Travel, oh travel, I heart thou. I’ve had my share. I’ve been spoiled. I could tell you about luxuriating on the beach in Thailand without kids last year, or about travelling to Italy with my best mate a few years ago for a wedding, WITHOUT KIDS. But I won’t. Not today, anyway. Today for my Lounge travelling tale I’m trawling the photo archives, taking the time machine back to 2001, when I hit Europe with a backpack for the very first time.
I had my trusty buddy F with me on the Eurostar, wearing our daggy jeans, sneakers and neck safety belts for our travellers cheques and passports (HELLO, people, this was 2001. The internet had only, like, JUST been invented). We were so cool. So chic. So au fait with the French language. So ready to take on Paris. SO unprepared to be reduced to tears by the train ticket dude at Gare du Nord.

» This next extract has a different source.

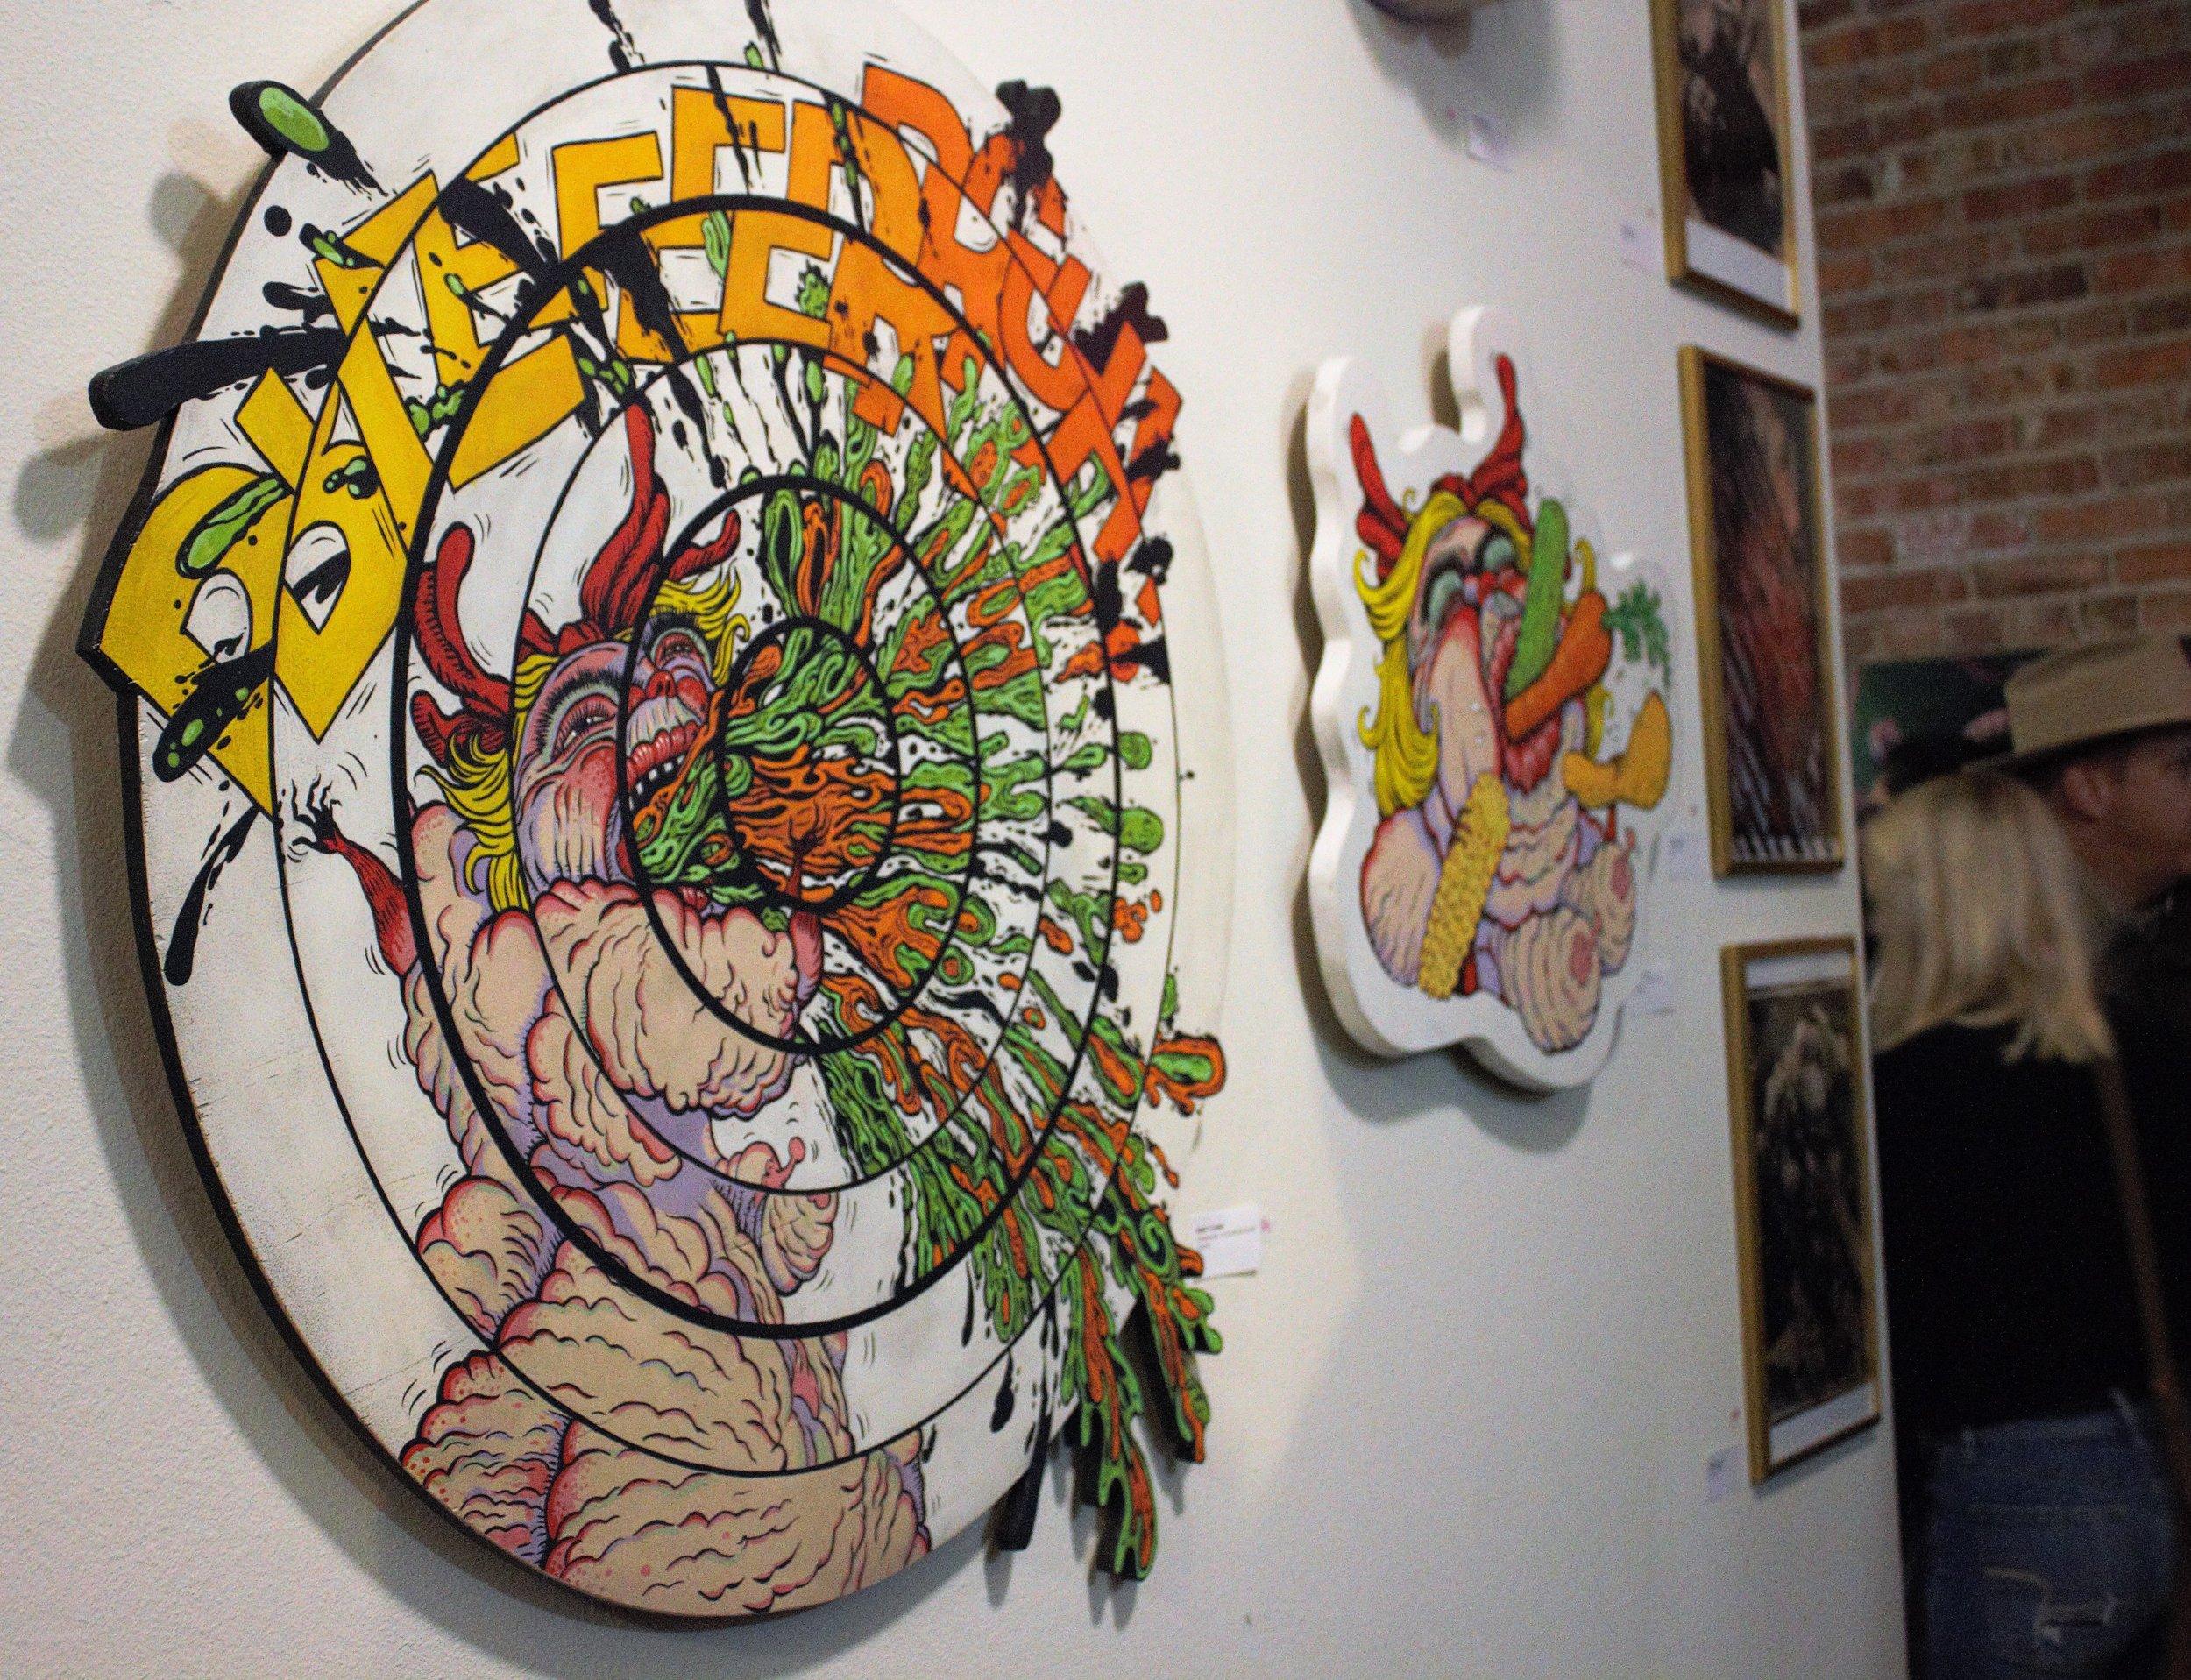 Art by Brian K. Jones and Brian K. Scott

Do you like Paris in the springtime? We liked Paris in 35 degree summertime sweat, when all the streets smelt like pee. Ah… the beauty of a city of dog-lovers. We made our way out to the fancy schmancy burbs to stay with our acquaintance Walter in Sceaux. Walter was Charmin – as in, German. Charm, itself, was lacking, though he laid an approximation of it on pretty thickly at first. Walter, Walter, Walter. He kindly put us up, and was no threat at all to a couple of 22-year old girls in daggy shorts, resembling an IT-nerd crossed with Ronald McDonald. He told every person we spoke to that we were Australian, and after the guffaws died down (and we scrabbled through our dictionary), we discovered he was also saying we’re from a British colony full of convicts. IRATE we were. FURIOUS! Being stuck in the middle of Epernay, surrounded by des Caves, it made the most sense to sink our fury into the teeth of all the French champagne we could muster. We were like drovers. Rounding them up, and putting them down. We showed him.

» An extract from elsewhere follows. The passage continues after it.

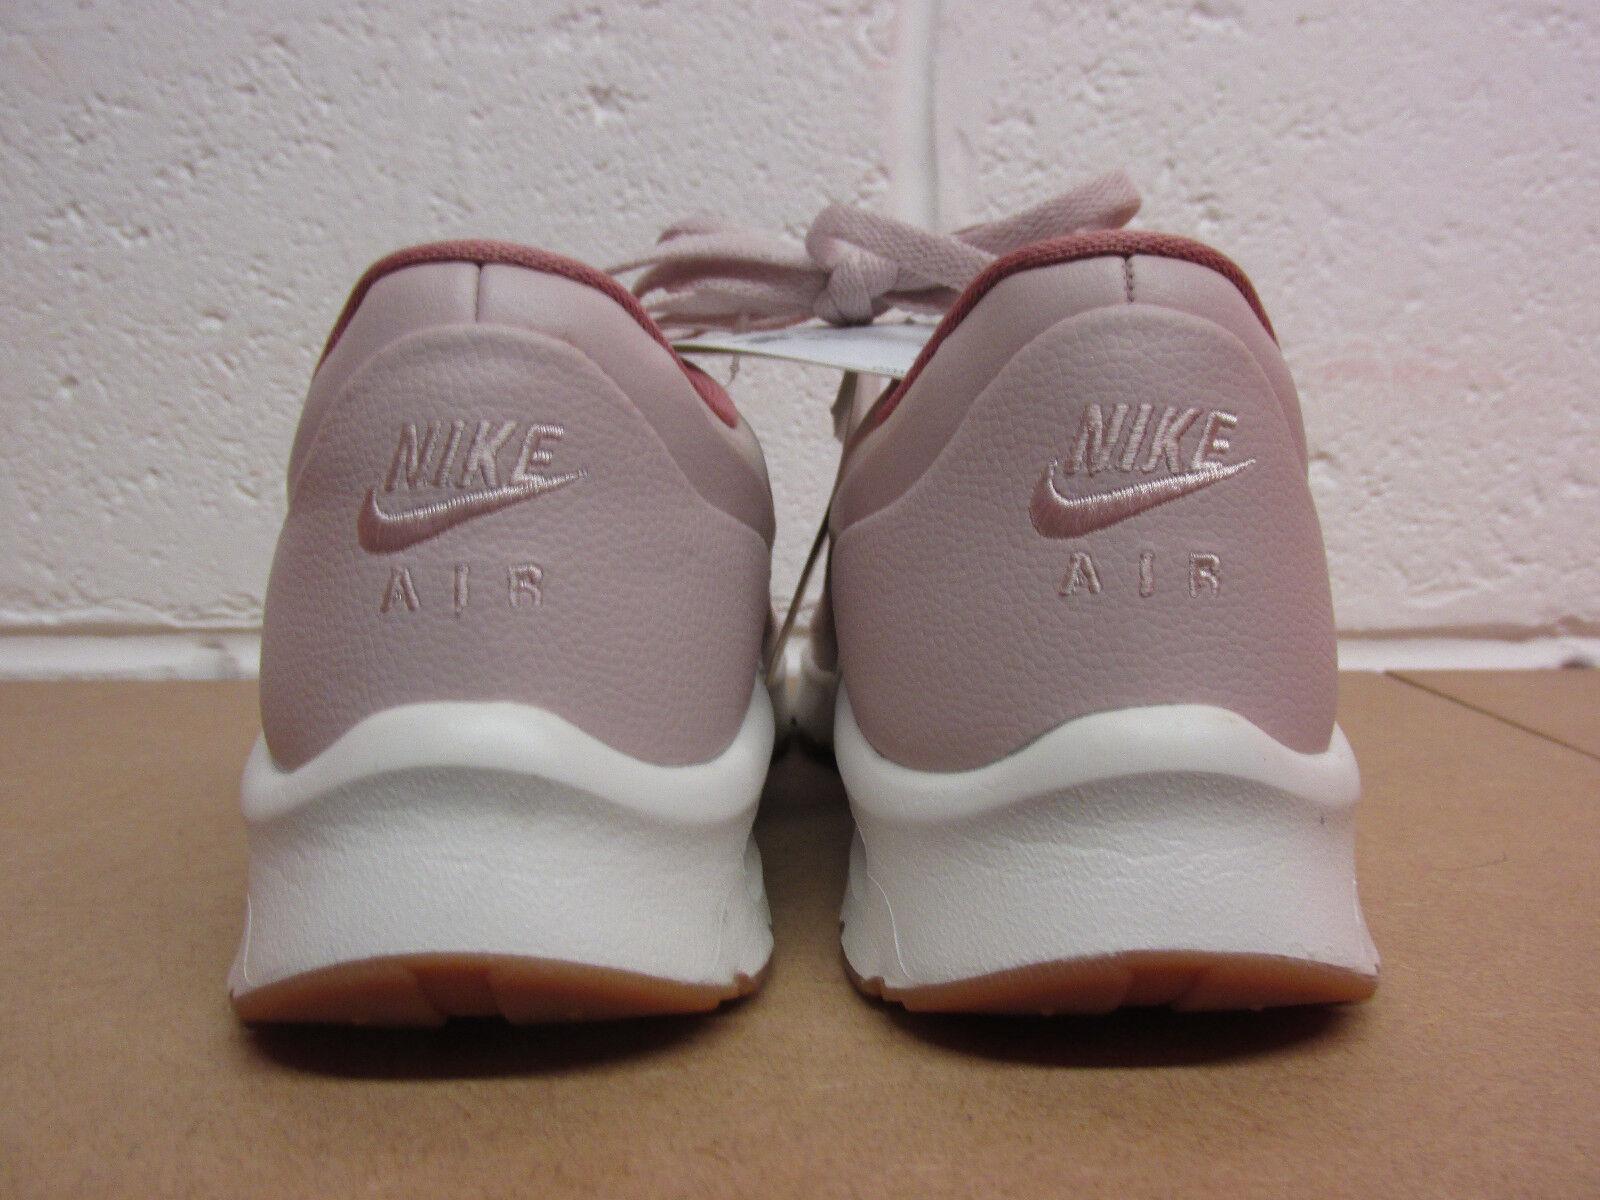 online retailer b6820 007bd ... Nike Air Max Jewell 896195 601 Zapatillas de Mujer Zapatillas  Zapatillas Zapatillas Muestra c0df0d ...

Still somewhat upsetting to me to this day is that I was only hit on ONCE in my entire three months of travel in Europe. I blame being oblivious to what being hit upon looked like (until it was actually grabbing at me), my HORRENDOUS wardrobe, my natural F*(&* off face, and being desperately in love with my boyfriend (who is now my husband). These factors, combined with the fact I was a good head and shoulders taller than most of the men in Europe made me a very unappealing prospect. In any case, this particular hit was hard to miss. ‘Want a Vespa ride?’ Sure. Where are we going? Oh. ‘Your boyfriend, he no thinking about you. He with the other girls at home. What you come here for? He forget you’. This photo was taken on the way BACK, after I refused to get back on the bike with blondie (the perp) and rode home with harmless instead. I have sunburn and ‘bugger off’ written all over my innocent face.
Quite famous I was in Rome though. They made me some coffee. Still waiting on the royalties. Bastardos.

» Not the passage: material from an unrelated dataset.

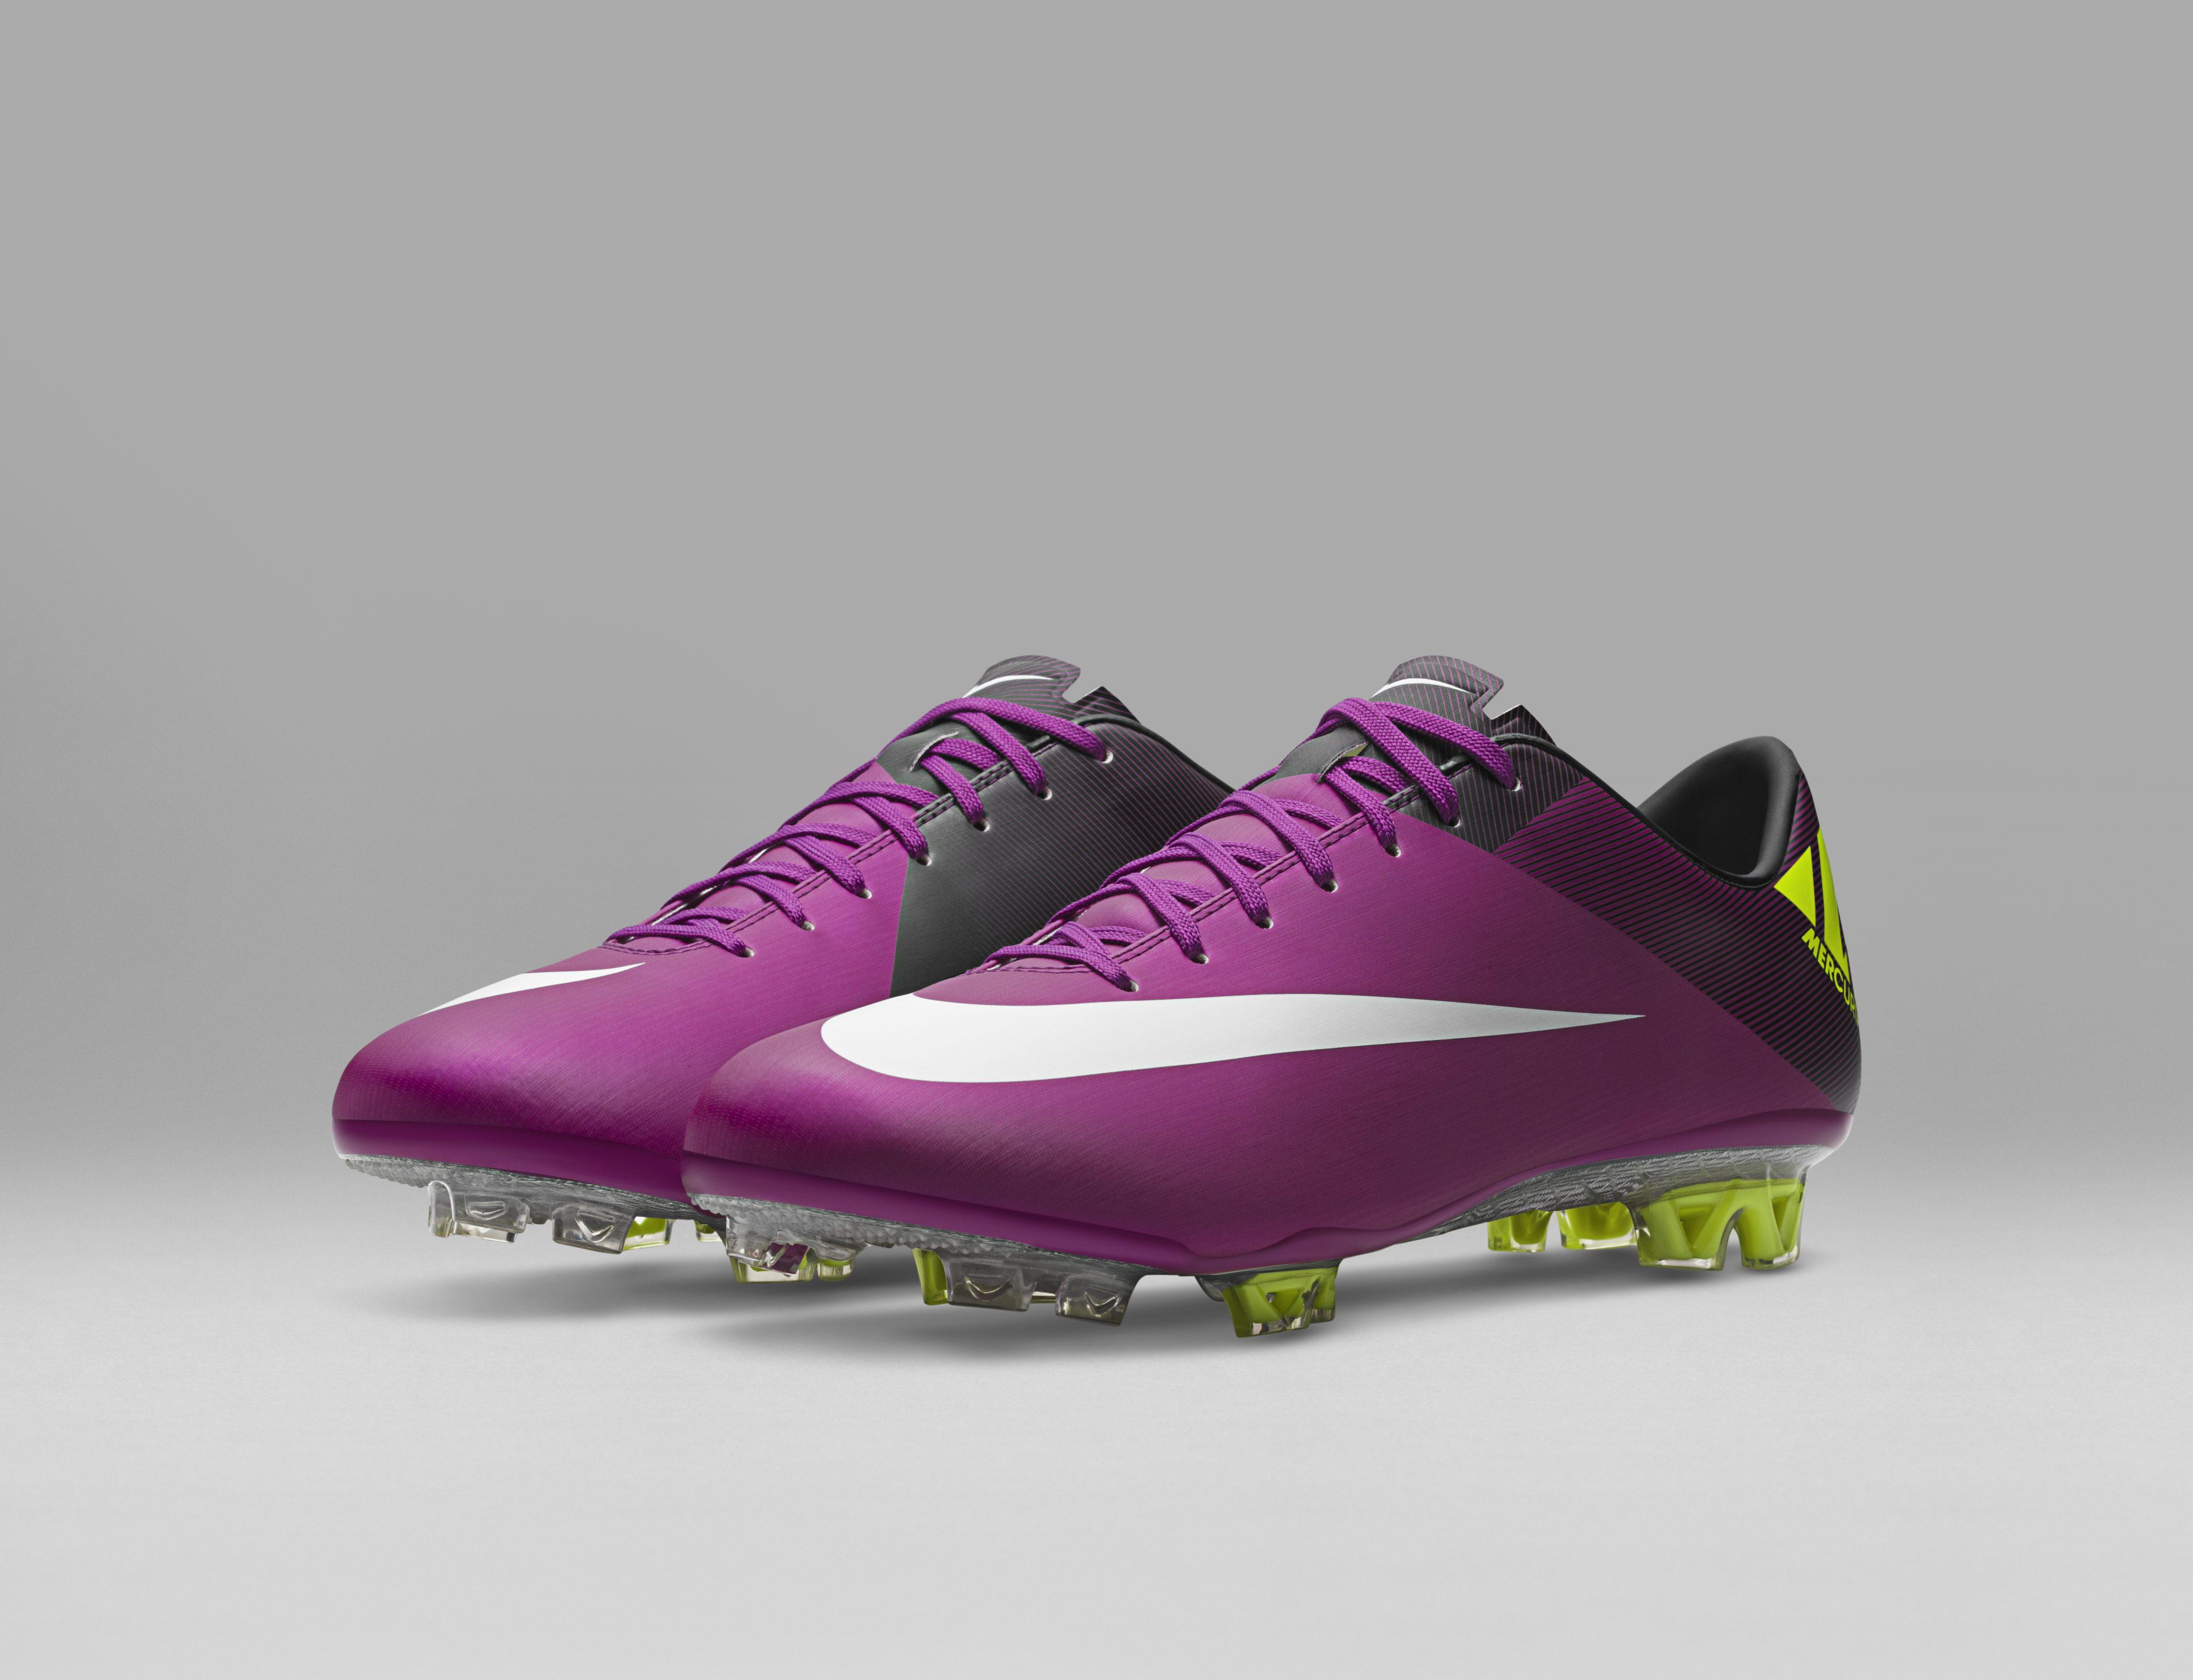 2011_Nike_Superfly_III__55734.jpg

And Spain? Spain was MAD. A whirlwind of wonderful. We decided to randomly jump off the train in San Sebastien, which was a brilliant decision, since they had the running of the bulls that day, and a thousand million tapas bars in every street, and beaches that burned my legs to a glorious shade of purple, and a festival that saw men peeing up the walls until 2pm the following afternoon. Then Barcelona (with Spamburgers, and more wonderful), and Madrid (with less wonderful), and the COSTA BRAVA. Ahhhhhh. The beach, and a week to relax at Llafranc. Except, it was September 11, 2001, and the World Trade Centre was hit. It was a surreal place to experience the media trickles of tragedy, amidst such relaxation and beauty.
We walked, we swam, we read, we drank Sangria in the sunset, and ate paella in the dark. We walked to the shops by the seaside path, and drank bottles of San Miguel that were cheaper than water. We recharged. Then we threw on our packs and launched into the rest of Europe, a couple of sunburnt girls heartsick for our boyfriends, with really crappy wardrobes.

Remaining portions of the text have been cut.